Show that in gradient descent the gradient goes against 0 (Under certain conditions)

Question

So we have gradient descent: $$x^{(i+1)} = x^{(i)} - \tau \nabla f(x^{(i)})$$

And we gotta show that $$\left|\nabla f\left(x^{(j)}\right)\right| \to 0$$

The conditions are:

• $f: \mathbb R^n \to \mathbb R$ is differentiable

• $\nabla f: \mathbb R^n \to \mathbb R^n$ is lipschitz continuous, so there exists an $L > 0$ such that: $$|\nabla f(x)-\nabla f(y)| \leq L|x-y|,\ \forall x,y \in \mathbb R^n$$

• $\tau < \frac{1}{L}$

I've been trying to solve this for like an hour and can't get any further, can someone point me in the right direction?

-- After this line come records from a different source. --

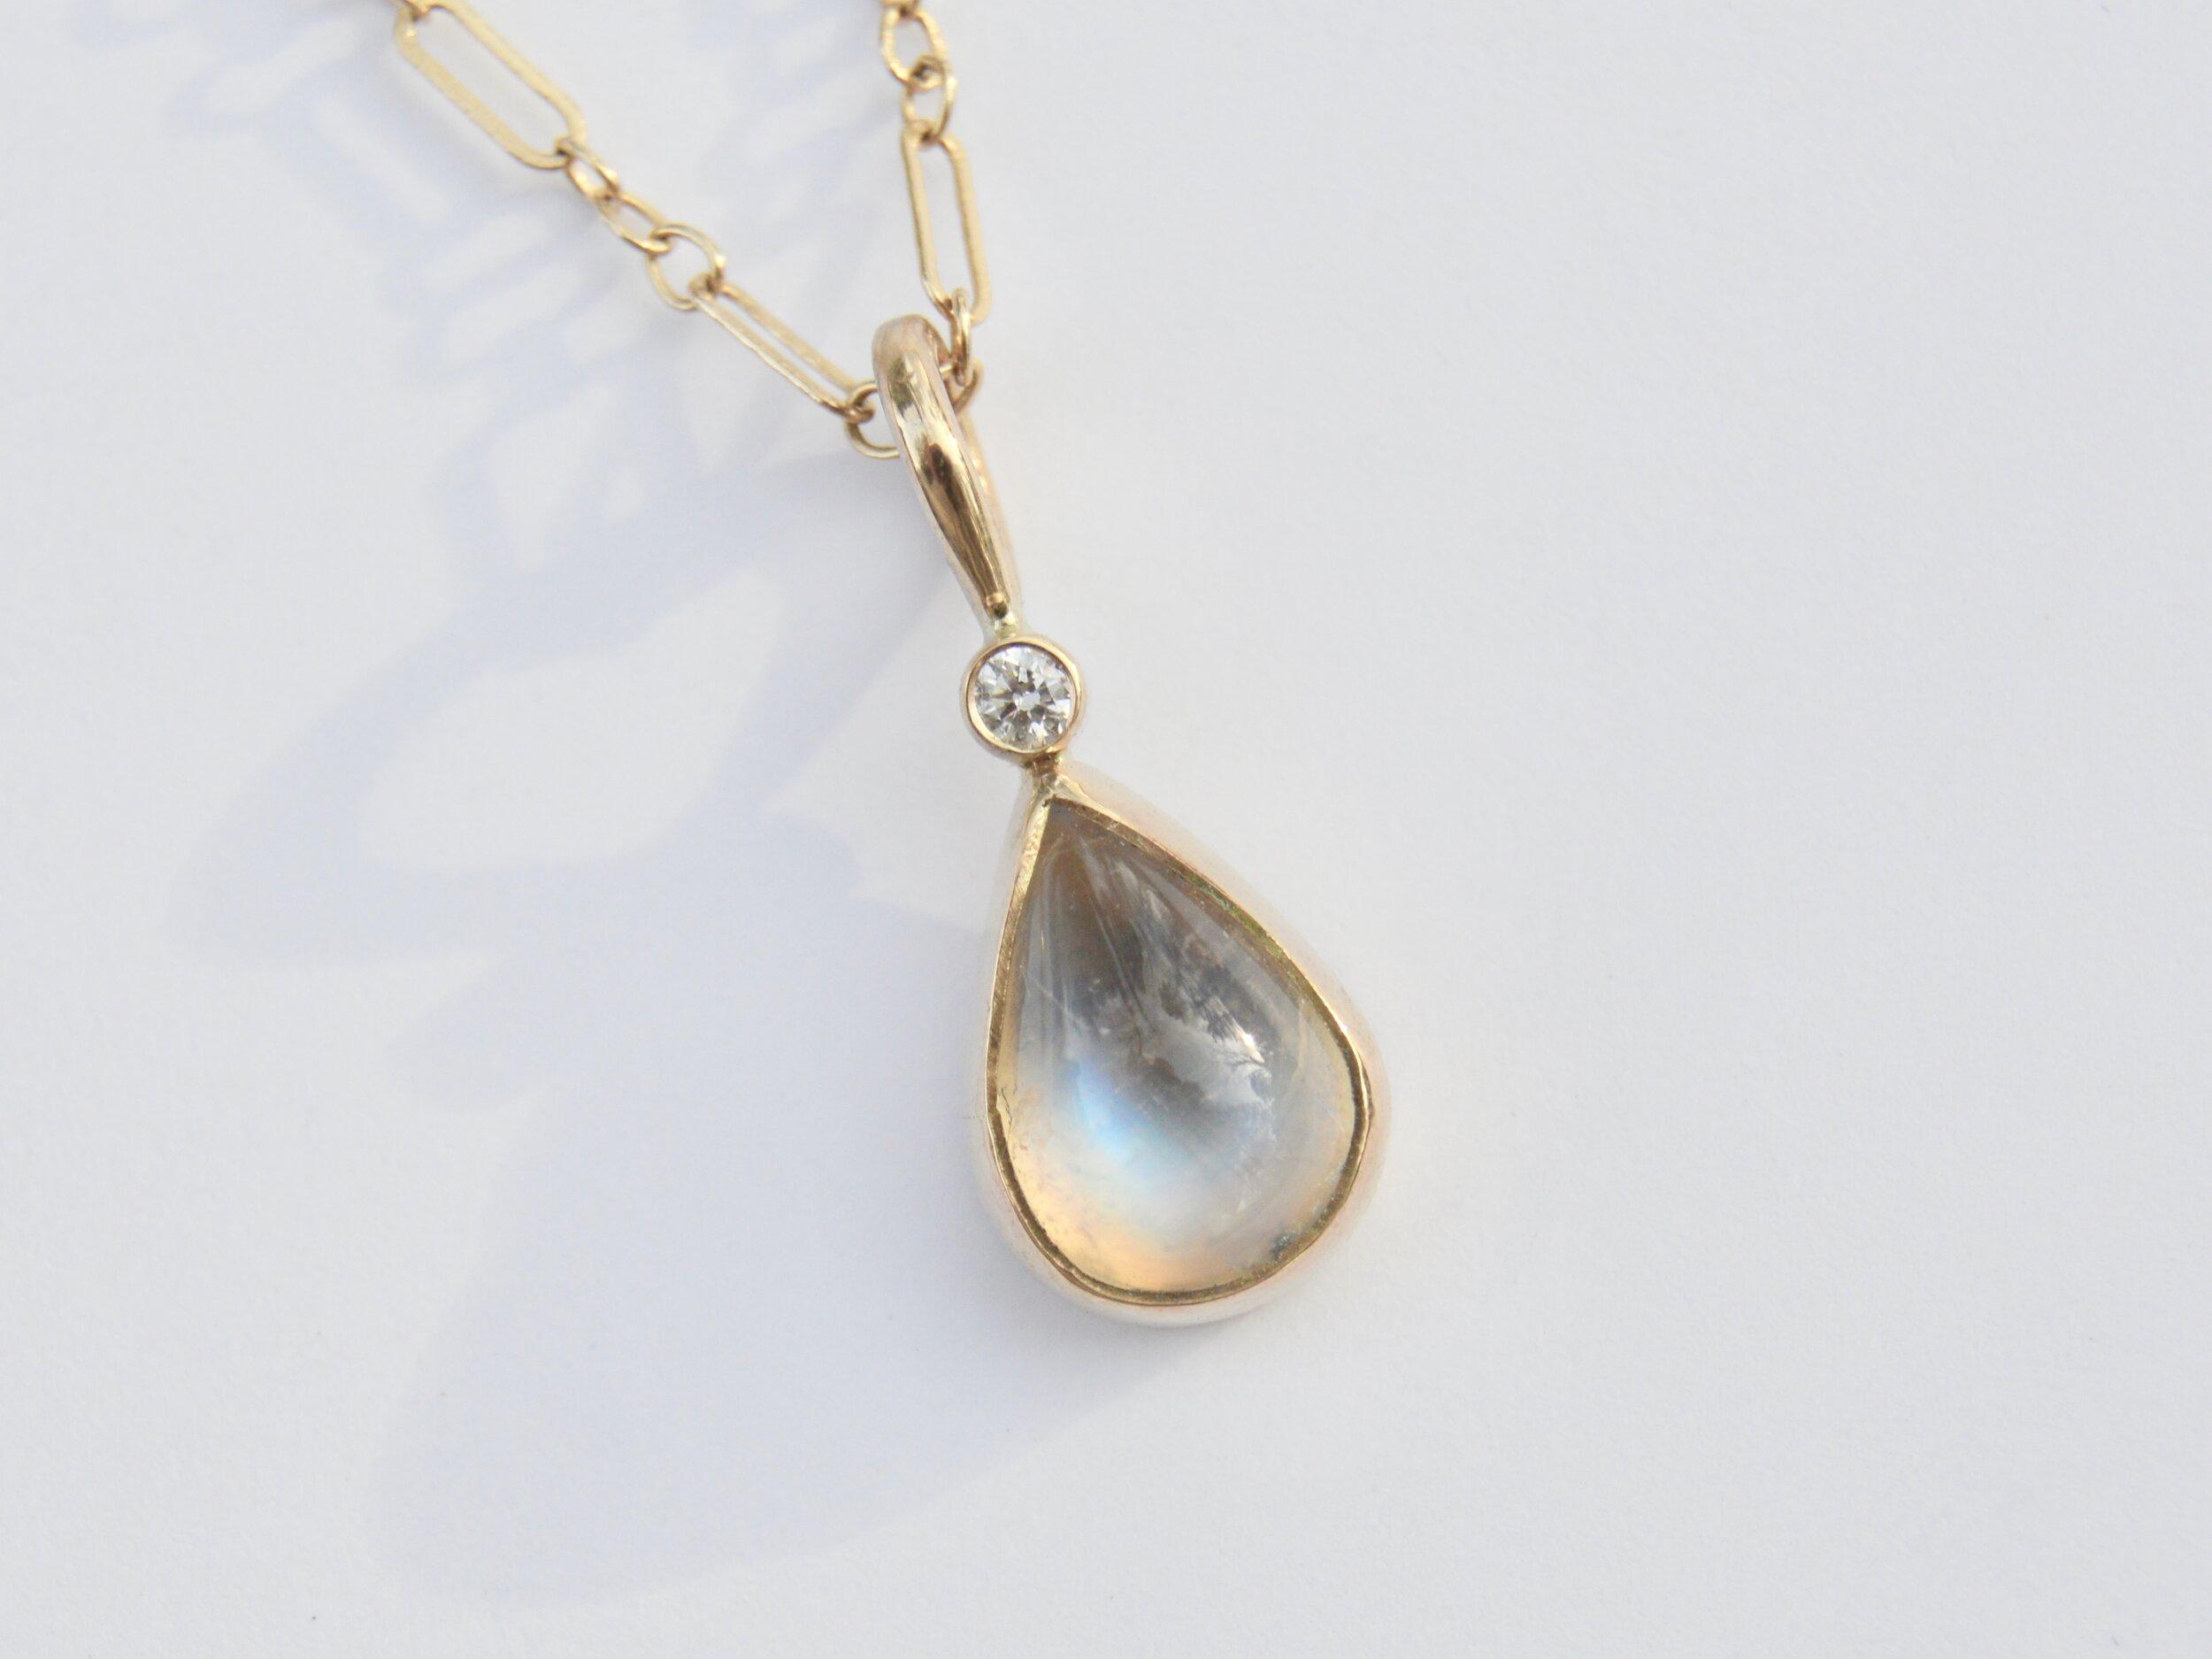 Whiteblue stardust necklace.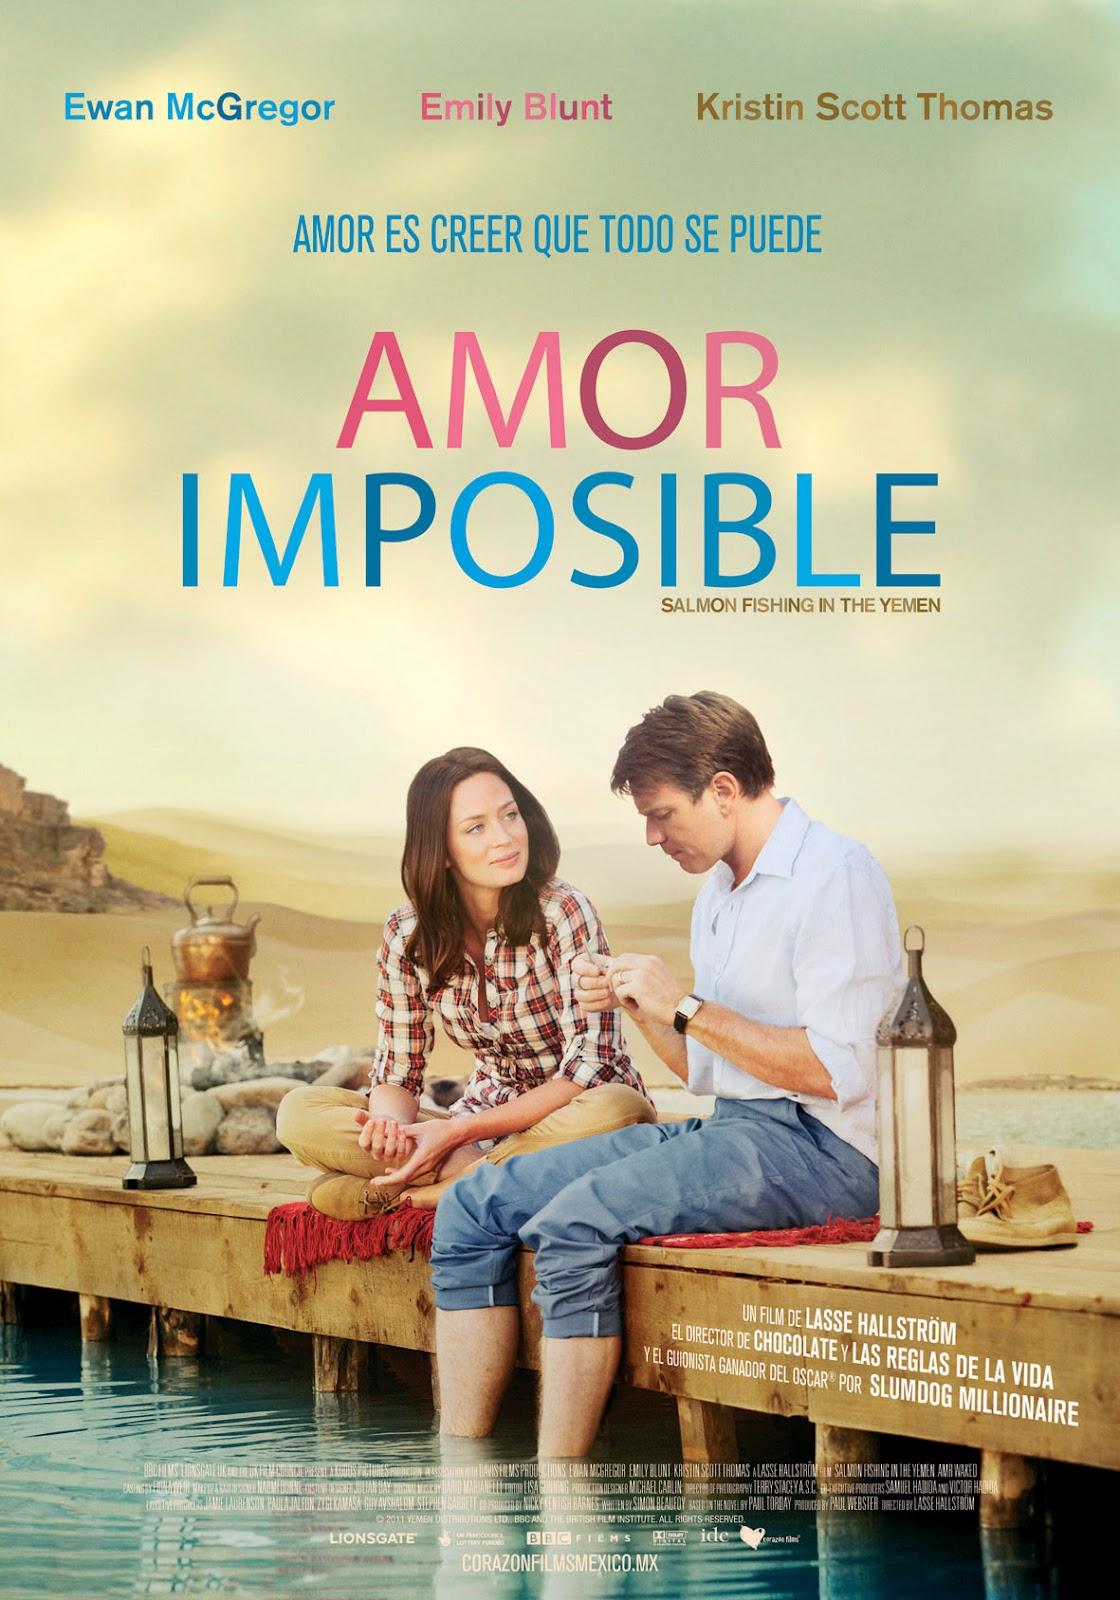 http://1.bp.blogspot.com/-ApQfhtKC1Ns/T9Psw9yW9dI/AAAAAAAAEek/FA-fJouh1uE/s1600/Amor+Imposible+Poster.jpg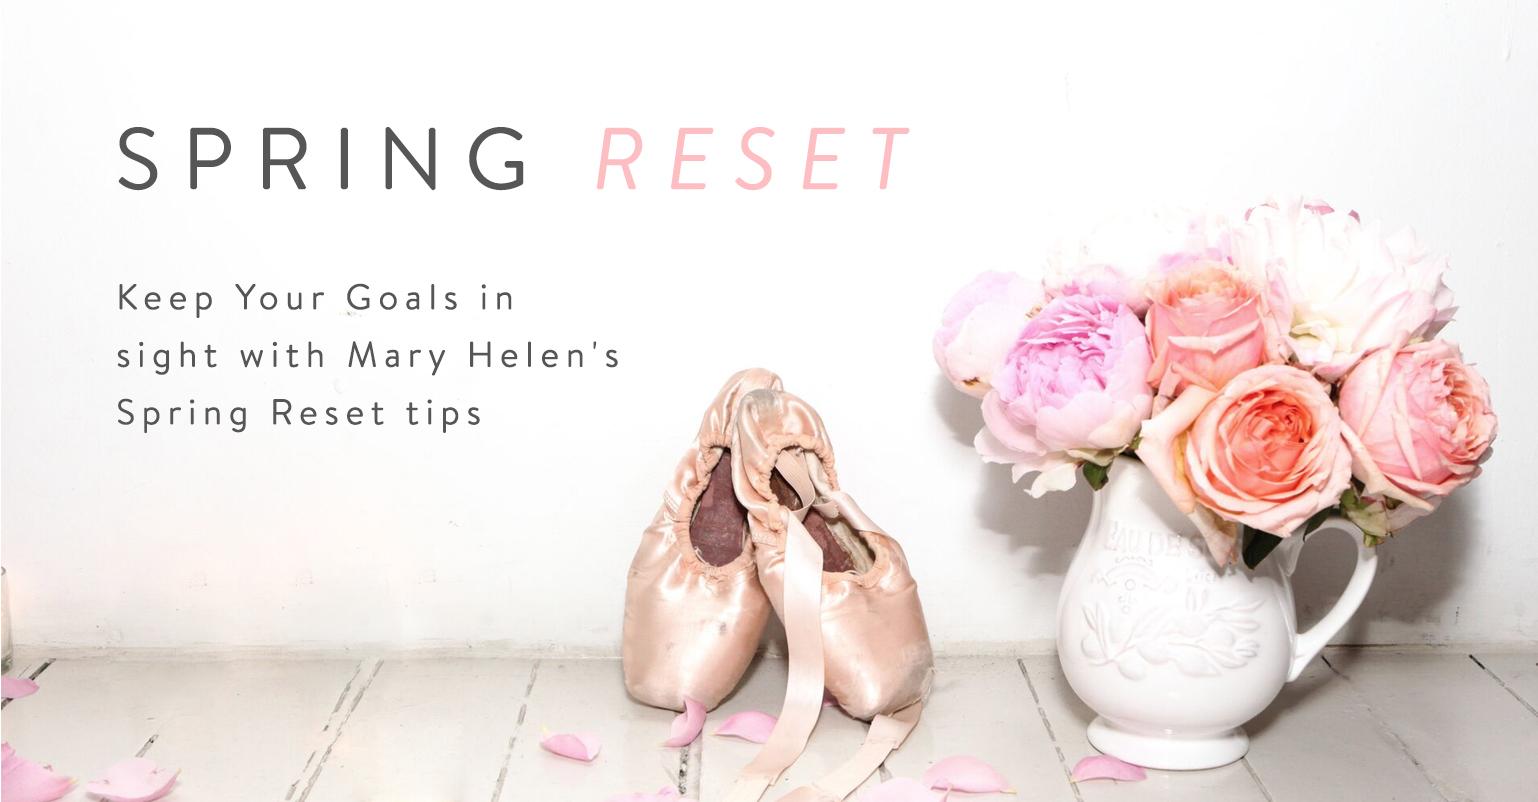 Mary Helen's Spring Reset

I've been trying the following:

Assume there exists an $\epsilon > 0$, such that $|\nabla f(x^{(j)})| \geq \epsilon$ for infinitely many j but I haven't been able to find any contradiction with the assumptions.

Answer 1

Start by proving that:

$$f(y) \le f(x) + \nabla f(x)^\intercal (y-x) + \frac L2 \left\|x-y\right\|^2$$

and then you will have:

\begin{align} f\left(x^{(t+1)}\right) \le f\left(x^{(t)}\right) - \tau \left(1 - \frac12\tau L\right)\left\|\nabla f\left(x^{(t)}\right)\right\|^2 \end{align}

If $f$ is bounded below by $\mu$, then

\begin{align} \tau \left(1 - \frac12\tau L\right) \sum_{t=0}^T \left\|\nabla f\left(x^{(t)}\right)\right\|^2 &\le \sum_{t=0}^T \left(f\left(x^{(t)}\right) - f\left(x^{(t+1)}\right)\right)\\ &= f\left(x^{(0)}\right) - f\left(x^{(T+1)}\right)\\ &\le f\left(x^{(0)}\right) - \mu < \infty \end{align}

Answer 2

I think I was able to find a contradiction. We know that $$x^{(j+1)}-x^{(j)} = -\tau \nabla f(x^{(j)})$$ we have also know that $$f(x^{(j+1)}) \leq f(x^{(j)}) + \langle \nabla f(x^{(j)}), x^{(j+1)}-x^{(j)}\rangle + L|x^{(j+1)}-x^{(j)}|^2$$

Inputting the first equation into the second one we get: $$f(x^{(j+1)}) \leq f(x^{(j)}) - \tau(1-L\tau)|\nabla f(x^{(j)})|^2$$

$(1-L\tau)$ is positive if $\tau < \frac{1}{L}$ so that's why this is one of the assumptions.

Now if we assume that $|\nabla f(x^{(j)})| > \epsilon$ for infinitely many j then we get: $$f(x^{(j+1)}) < f(x^{(j)}) - \tau(1-L\tau)\epsilon^2$$

$$\tau(1-L\tau)\epsilon^2 > 0 \implies\lim_{j \to \infty} f(x^{(j)}) = -\infty$$

This is a contradiction to something we've already proven:

The set of accumulation points of $(x^{(j)})$ is a non-empty subset of the critical points of f.

Since if $f(x^{(j)})$ just keeps dropping there are no critical points in f so the set of accumulation points of $(x^{(j)})$ is empty.